Essentially I care about people and therefore do my upmost to try and solve their problems and issues. I aim to get to the root cause of the issue early on, listening to what they actually have to say with regards to what is going on in their life and why they are experiencing such problems. I then work with other relevant agencies and organisations or sign-post them to the most appropriate help and support, to intervene early to solve that person’s problems and issues, rather than just picking up the pieces when things have gone horribly wrong – and unfortunately I have witnessed many such cases in my time when things have.

I generally work with individuals who are vulnerable members of society who suffer from mental health issues, drug and alcohol misuse, dementia, social isolation, domestic violence, learning difficulties, complex family issues or have a disability.

Due to the complex individuals we work with, the role requires a high level of communication skills, empathy, understanding, patience, perseverance, commitment and determination. I have found that not all individuals are willing or ready to accept the help offered to them and perseverance is required to assist them to change. Others require an intensive level of support due to their own personal circumstances and this therefore requires a high level commitment. I have also discovered that not all problems can be solved at the first attempt unfortunately. This requires the determination to continue with different approaches and solutions, with a ‘never give up’ attitude being crucial.
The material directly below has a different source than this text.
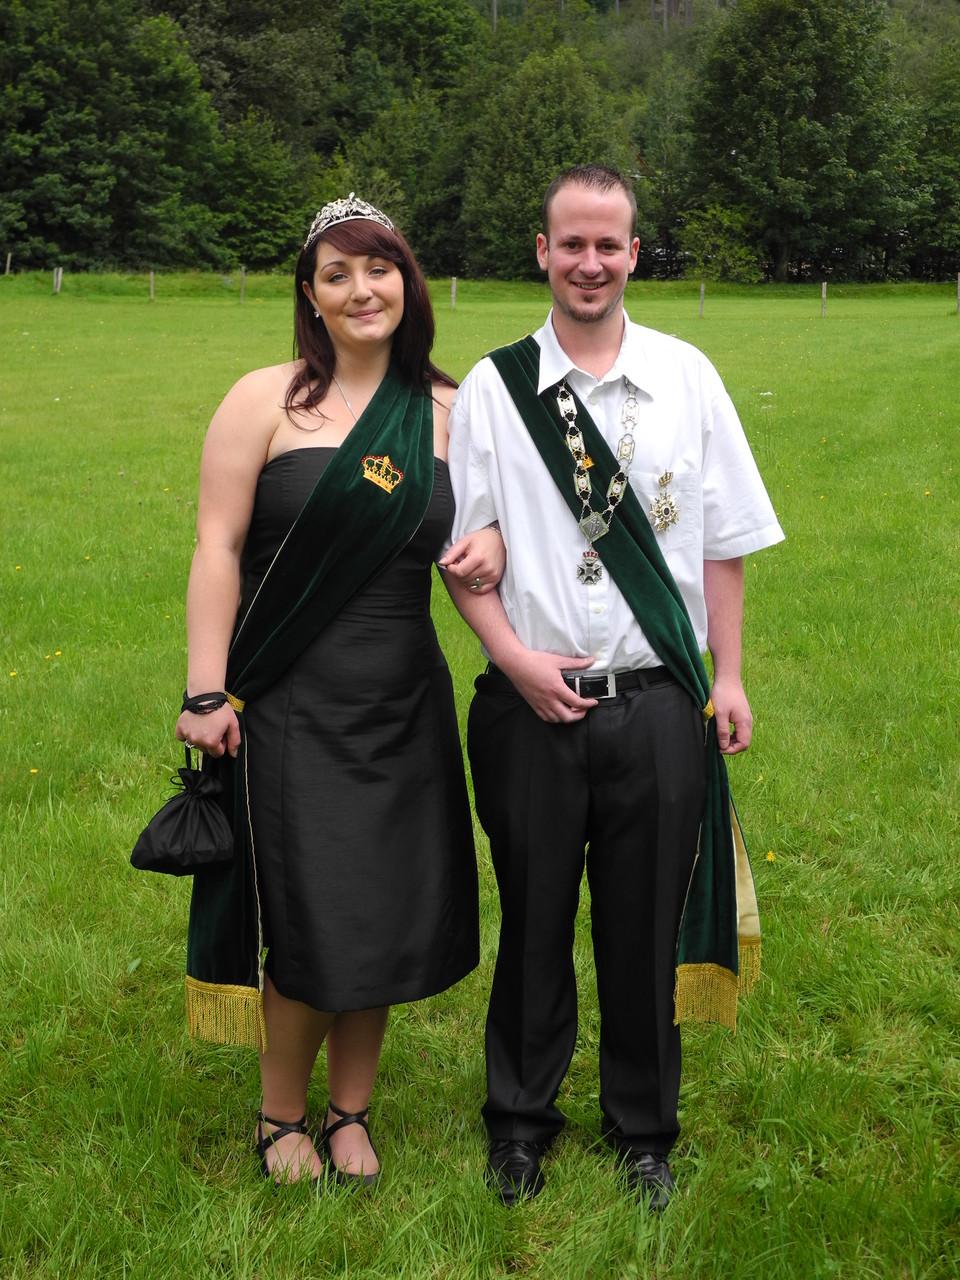 Schützenkönigspaar 2011: Dennis Roth und Kirsten Kuhli

Deep down, there has to be that inner desire, want and need to genuinely make a difference in people’s lives. I strongly believe that modern day policing is not all about arresting and locking up criminals. I have been in the police service long enough to witness first hand that not all police call-outs relate to crime, victims or offenders. There is a high proportion of a police officer’s time that is spent dealing with those vulnerable members of society that need protecting and this is where Early Action CBM’s can play a vital role in addressing the needs of those vulnerable people and families to improve their lives and reduce the likelihood of them entering the criminal justice system, resulting in them, in the long-term, being less likely to need the services of the police and other agencies and creating better lives for those children, families and individuals.

When you are ‘really’ able to make a difference and a positive change in someone’s life - there is nothing more rewarding.